Enhancing dielectric and piezoelectric properties of micro-ZnO/PDMS composite-based dielectrophoresis

This work aims to enhance the dielectric and piezoelectric properties of polydimethylsiloxane (PDMS) polymer filled with zinc oxide (ZnO) powders. Both ZnO nanoparticles and microparticles are used to prepare piezoelectric composites and a comparison of their dielectric responses is carried out. The experimental results reveal that a higher particle concentration gives rise to the increased dielectric permittivity of composites, especially when particles are aligned in the poling-direction-based dielectrophoretic process. Hence, the microparticles are chosen instead of the nano ones because the microscale facilitates the fabrication process of the composite, especially with high filler content.

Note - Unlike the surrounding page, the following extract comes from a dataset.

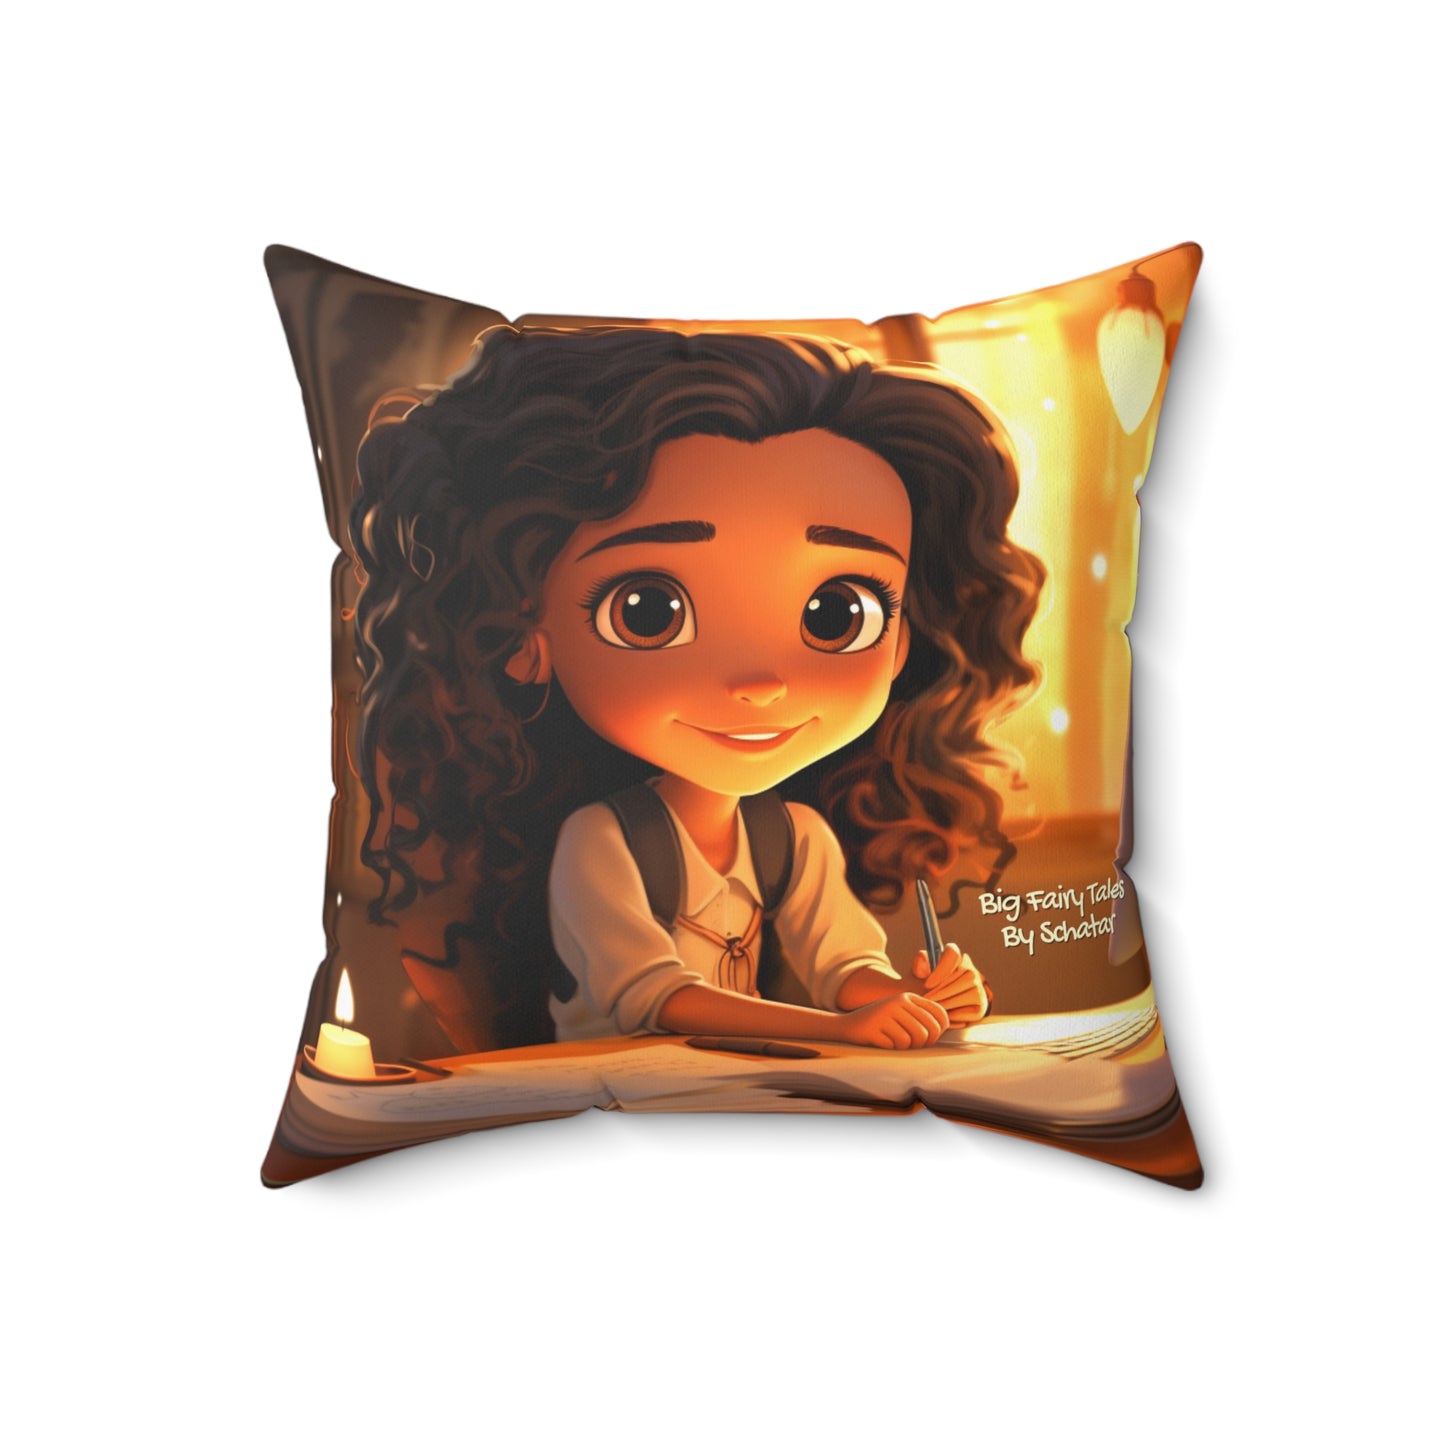 Writer - Big Little Professionals Plush Pillow 8 From Big Fairy Tales By Schatar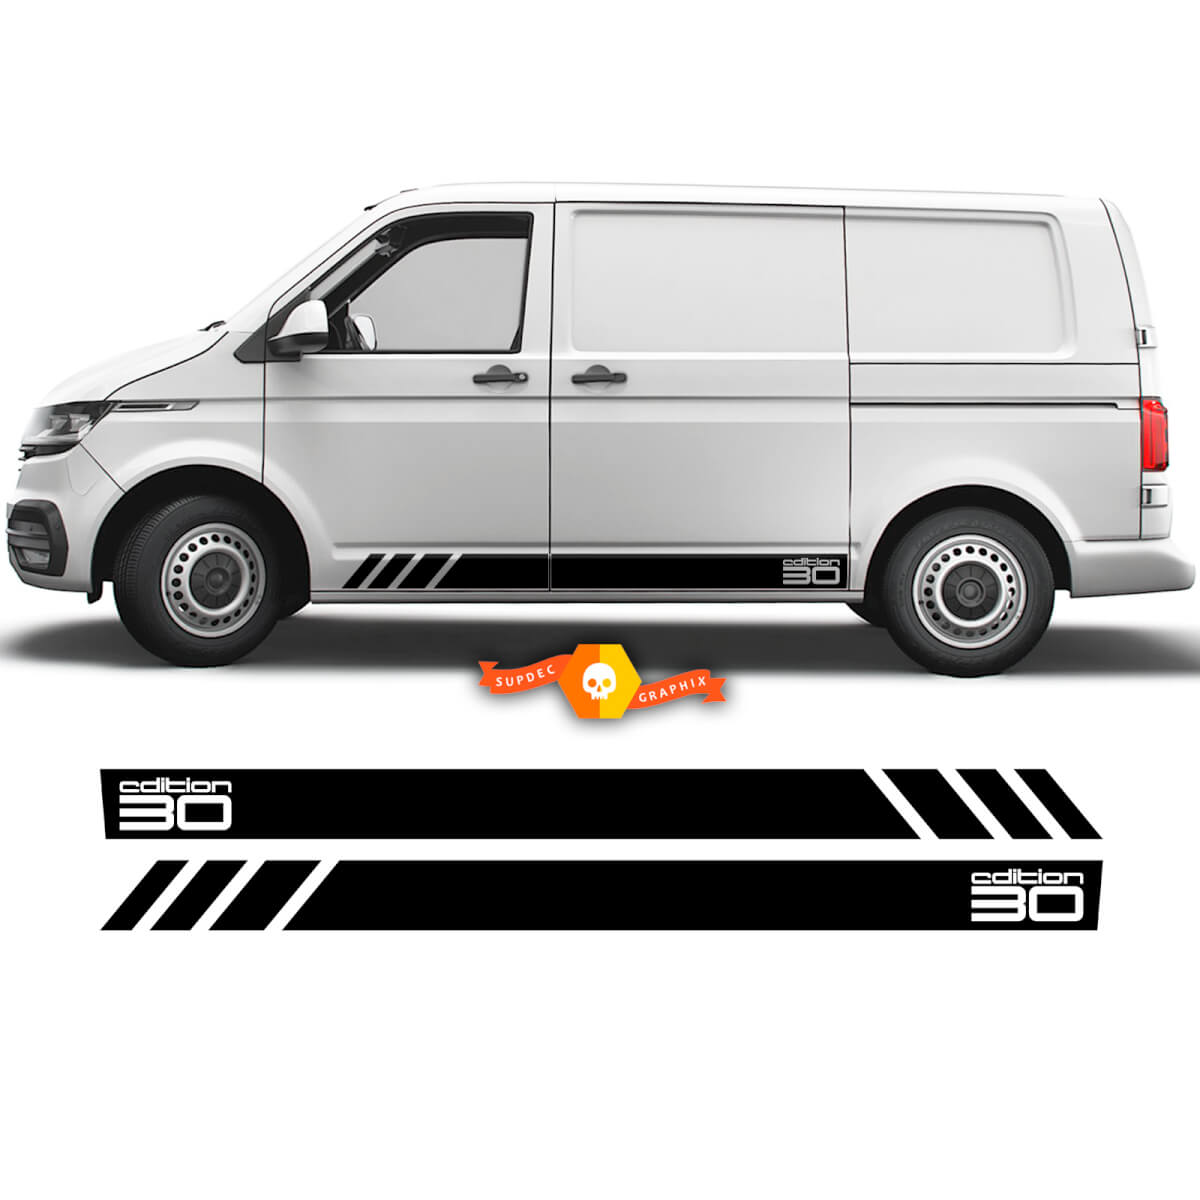 Adhesive decals for vw transporter

It also makes it possible to clearly record the movement of particles under alternating (AC) voltage application using optical microscopy. Significant improvement in the dielectric and piezoelectric behavior of the proposed composite has been successfully achieved via dielectrophoretic alignment of ZnO microparticles. This technique leads to increased connectivity between ZnO/ZnO interfaces, allowing for the creation of continuous aligned piezoelectric particles inside the polymer matrix. As a result, the piezoelectric effect is considerably boosted. Finally, the dielectric constant, as well as the charge coefficient of the ZnO particles, is estimated through theoretical approaches for composites containing particles arranged in chains or randomly dispersed. The model predictions are in good agreement with the experimental results. Furthermore, a finite element model (FEM) is developed using Comsol Multiphysics to evaluate these parameters in a 3D structure, which is then compared to those obtained by the above 2D-analytic models.